*Work required*:
Could you copy the data that follows exactly as written, but drop the pictures?

*Collected material*:

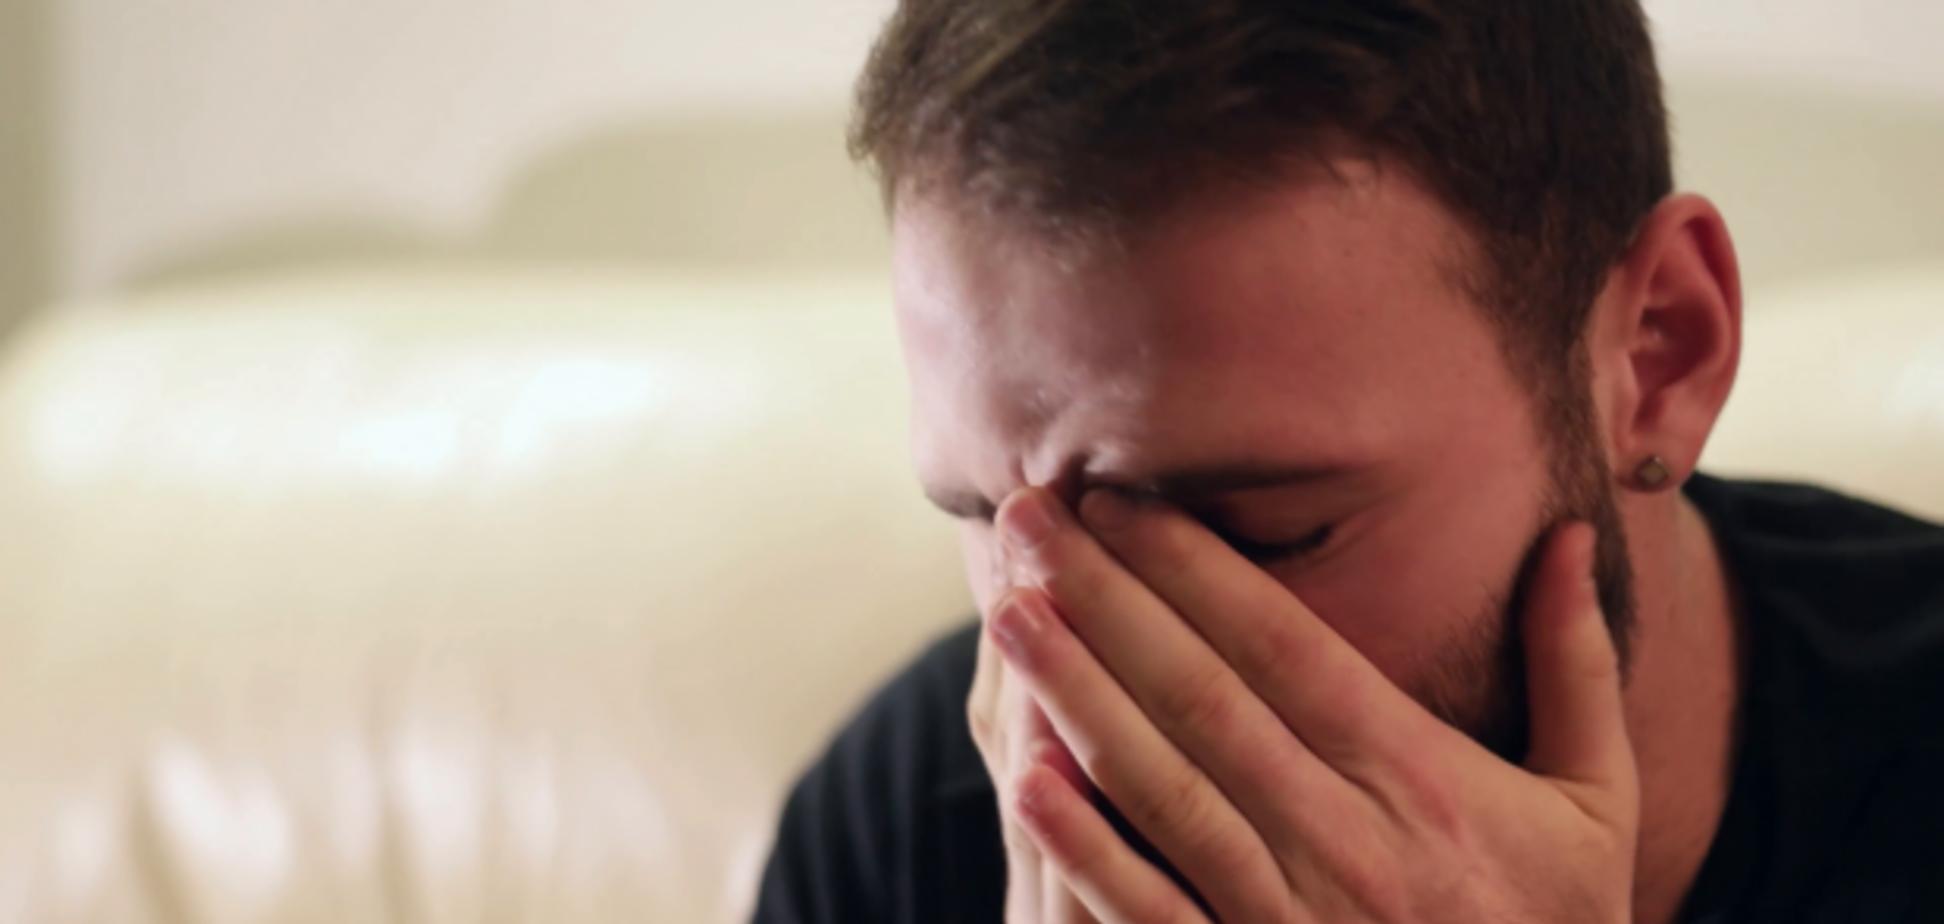 Семейные ссоры как причина развития эректильной дисфункции
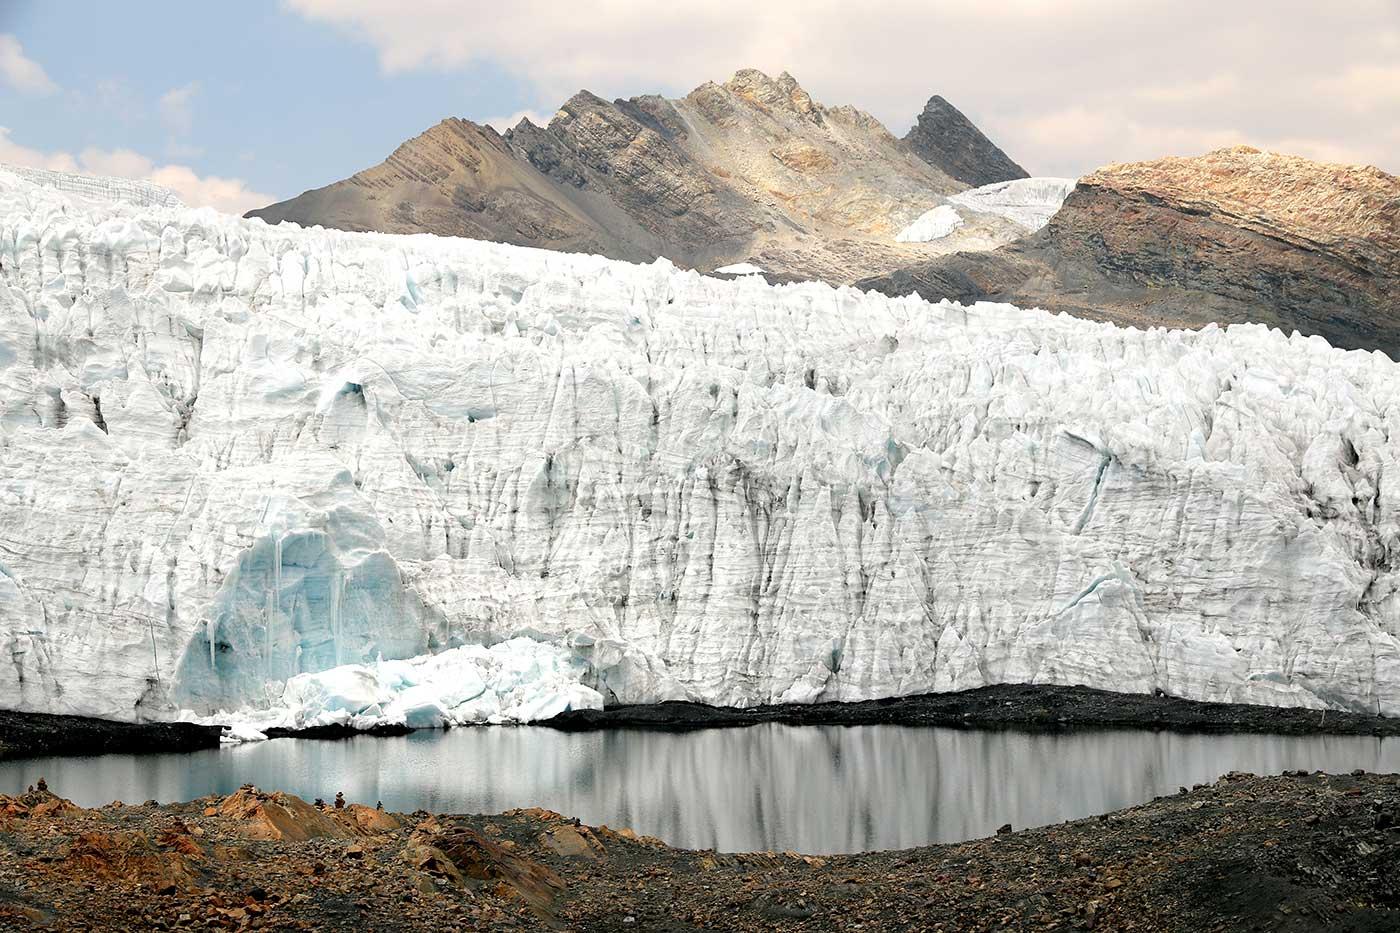 Pastoruri-glacier-Peru
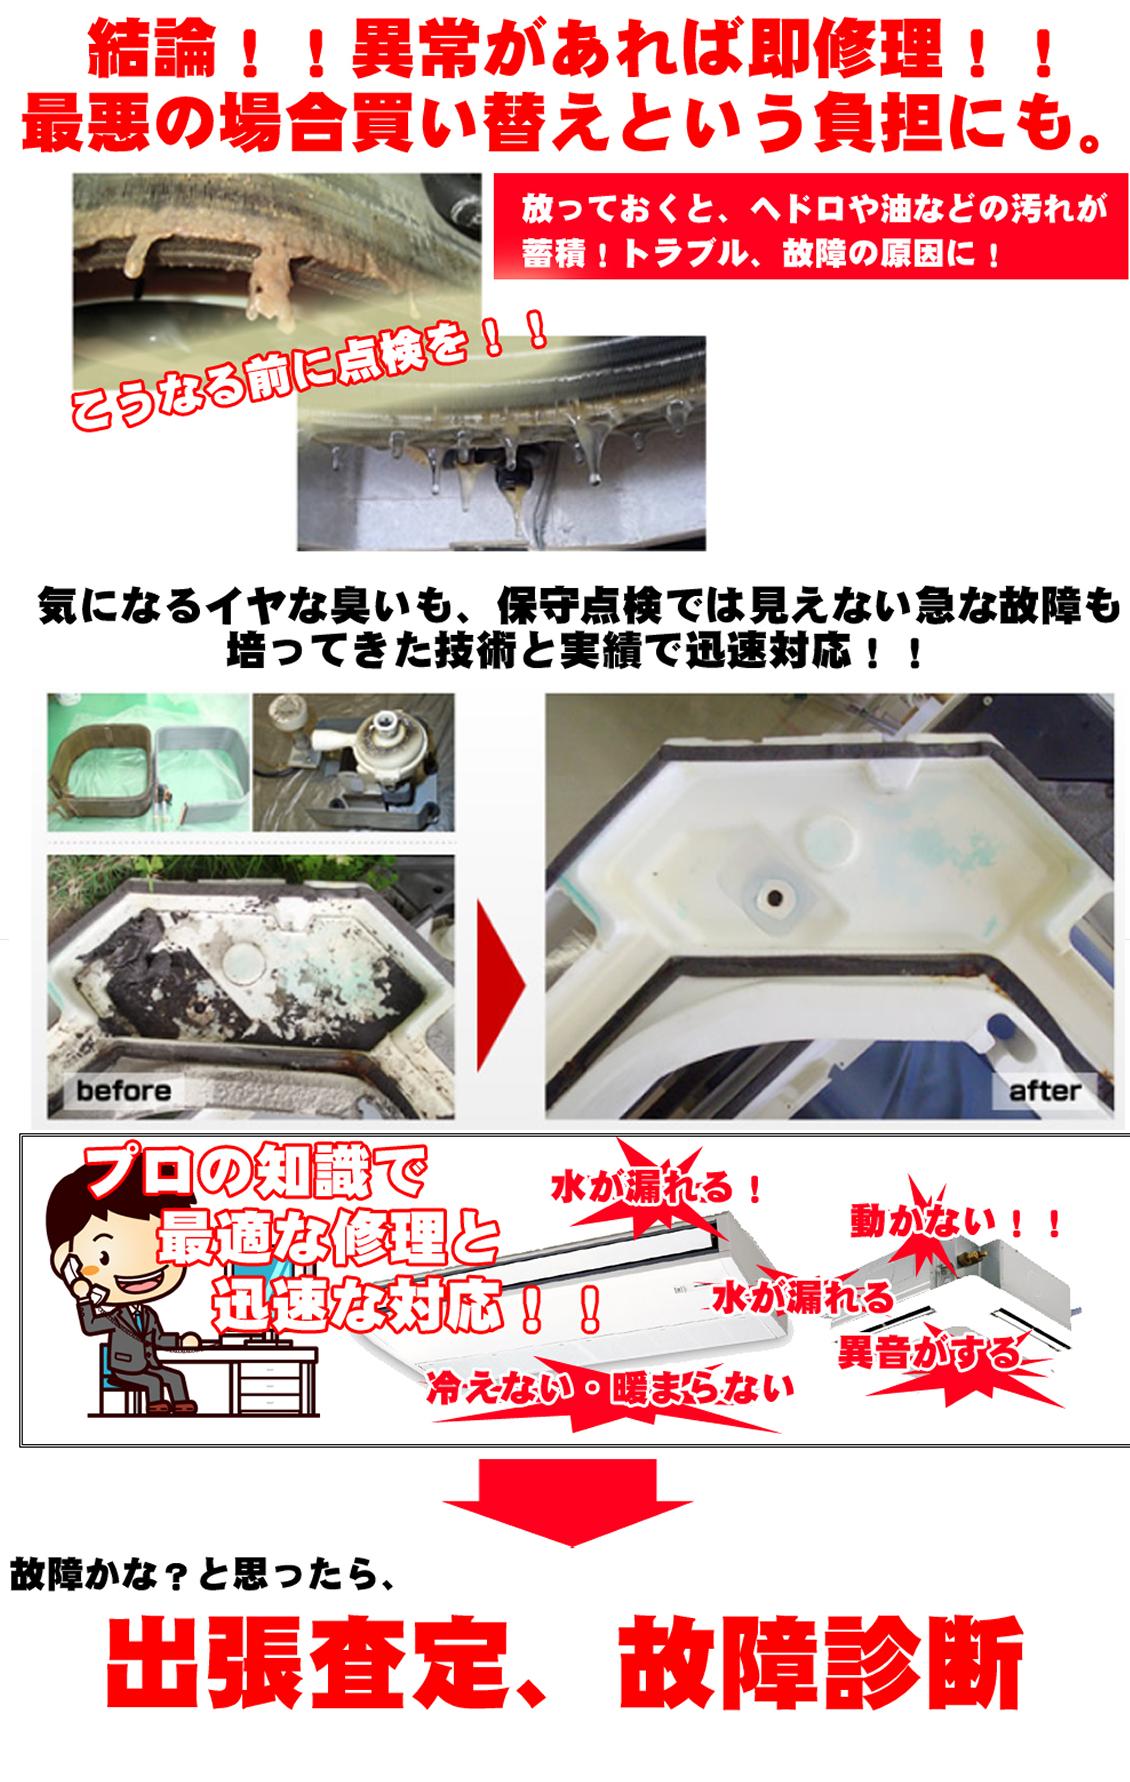 kanekura_hoshu_r6_c2

*Answer box*:
 Семейные ссоры как причина развития эректильной дисфункции
 Pastoruri-glacier-Peru
 kanekura_hoshu_r6_c2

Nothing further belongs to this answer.